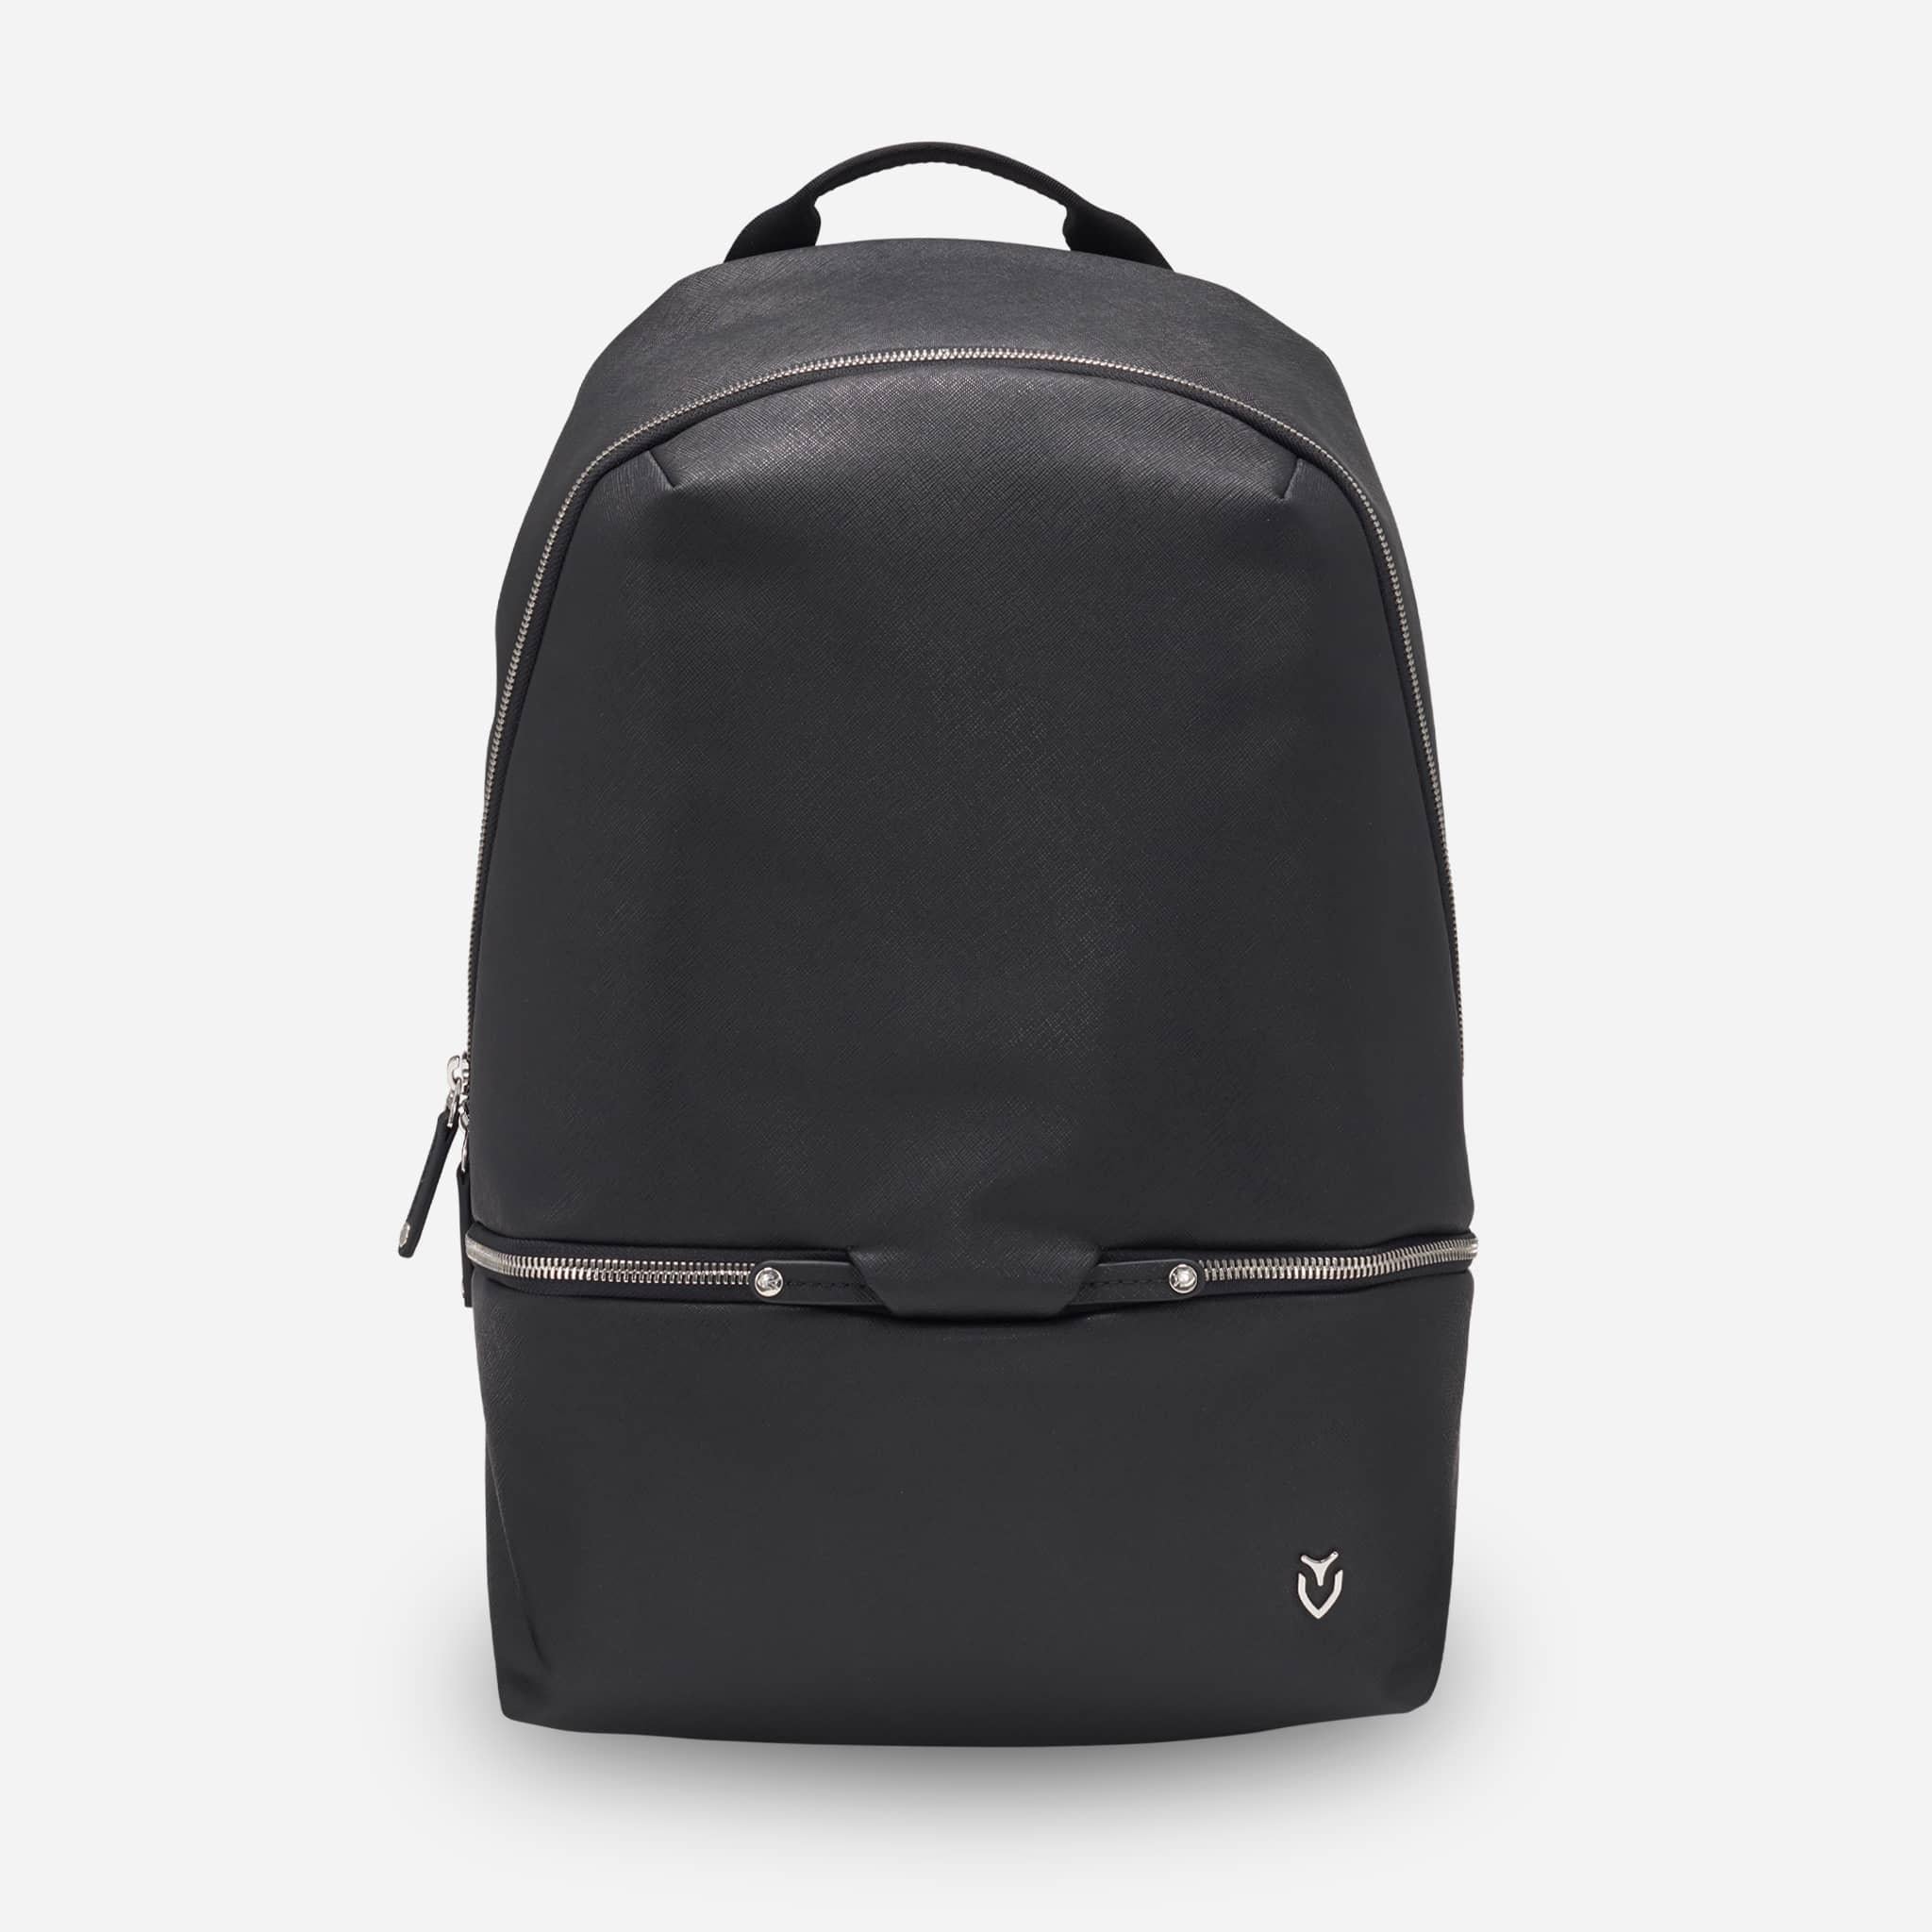 PrimeX Backpack | Travel Backpack | VESSEL
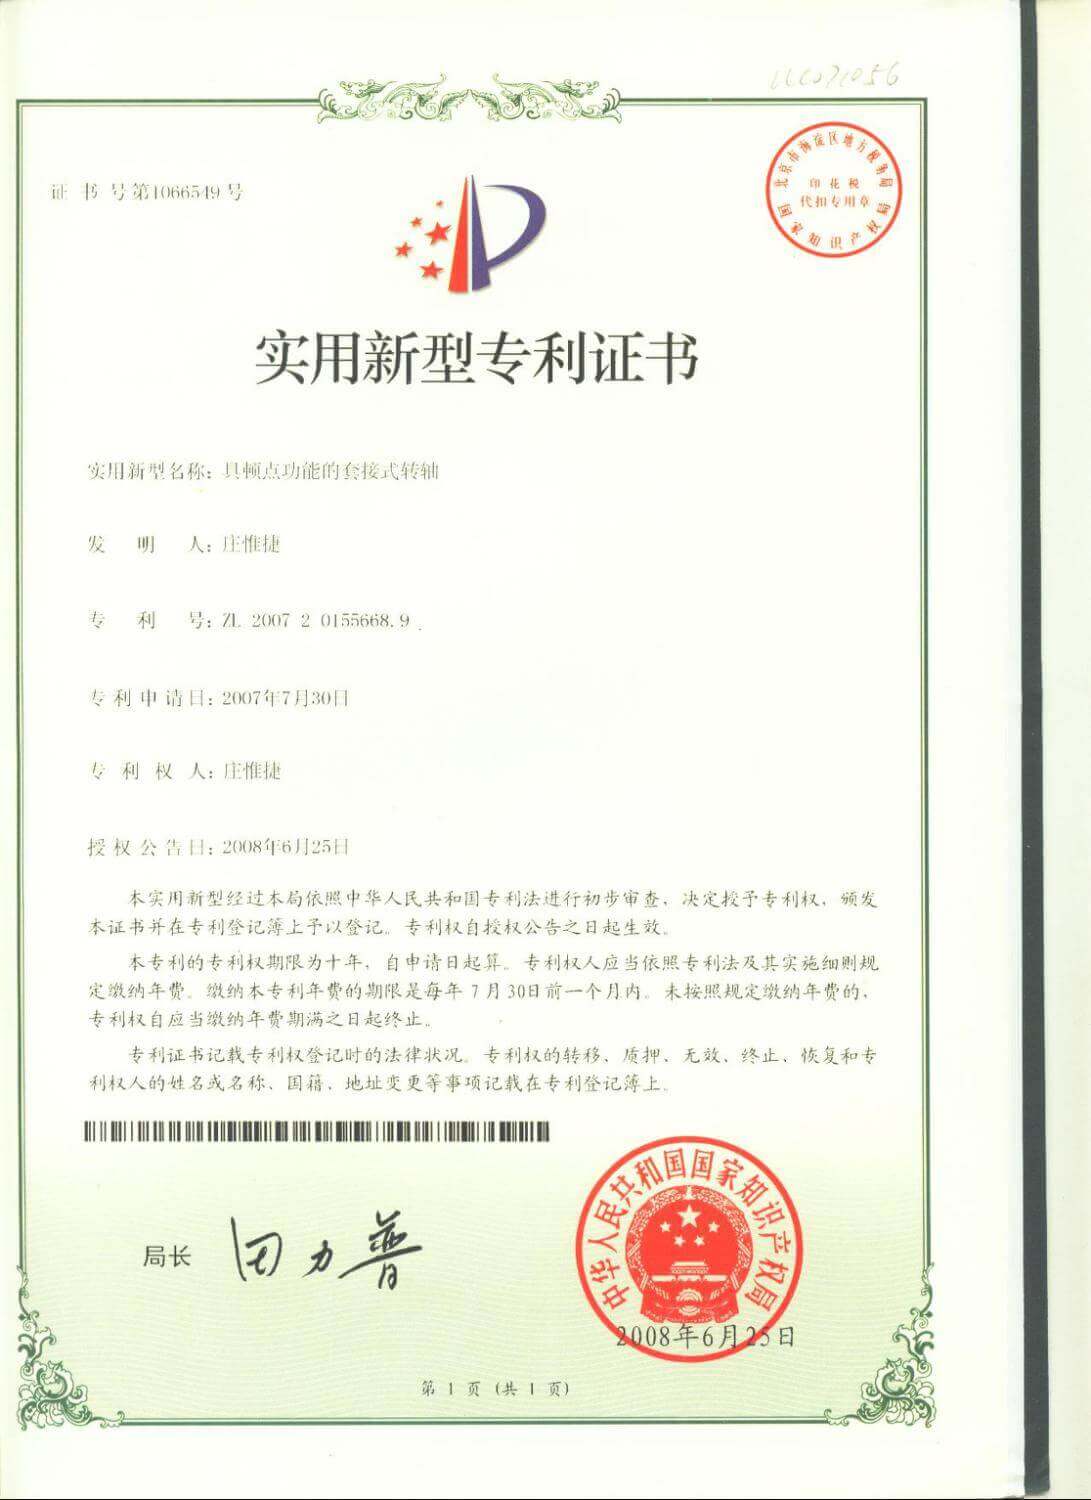 Chienfu-Tec CNC patents in Taiwan-25
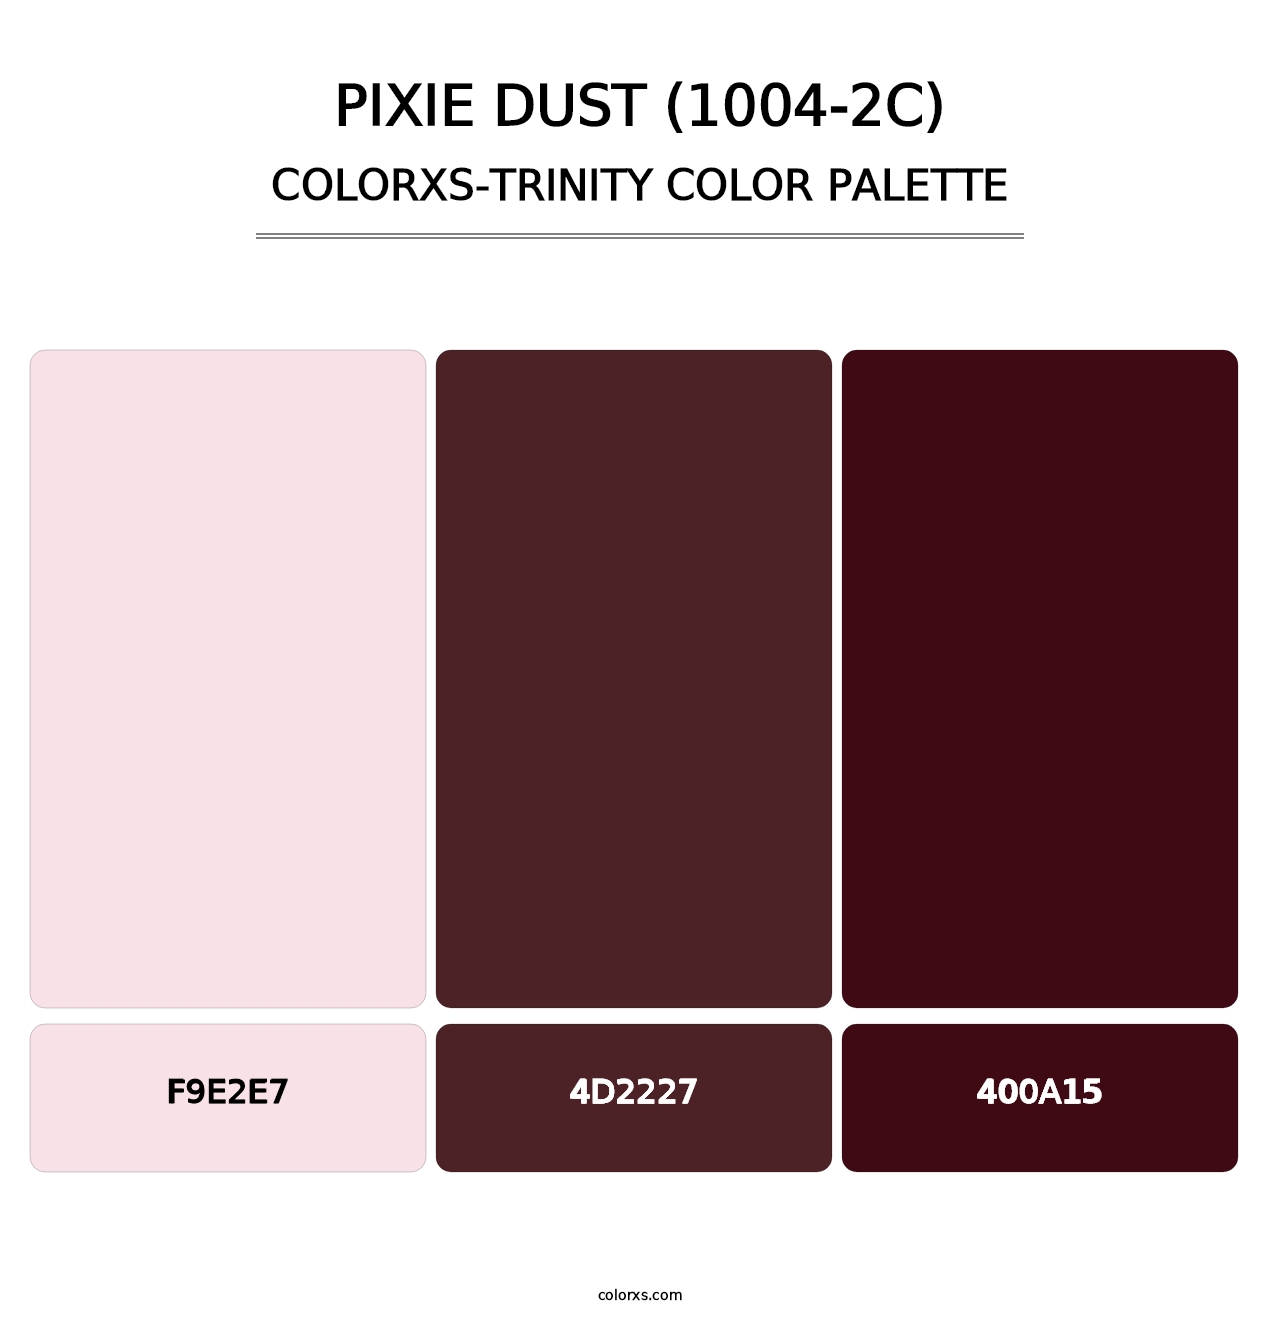 Pixie Dust (1004-2C) - Colorxs Trinity Palette

* Activity: Leaving the pictures aside, repeat the data above exactly.

* Answer for the task:
 PrimeX Backpack | Travel Backpack | VESSEL
 Chienfu-Tec CNC patents in Taiwan-25
 Pixie Dust (1004-2C) - Colorxs Trinity Palette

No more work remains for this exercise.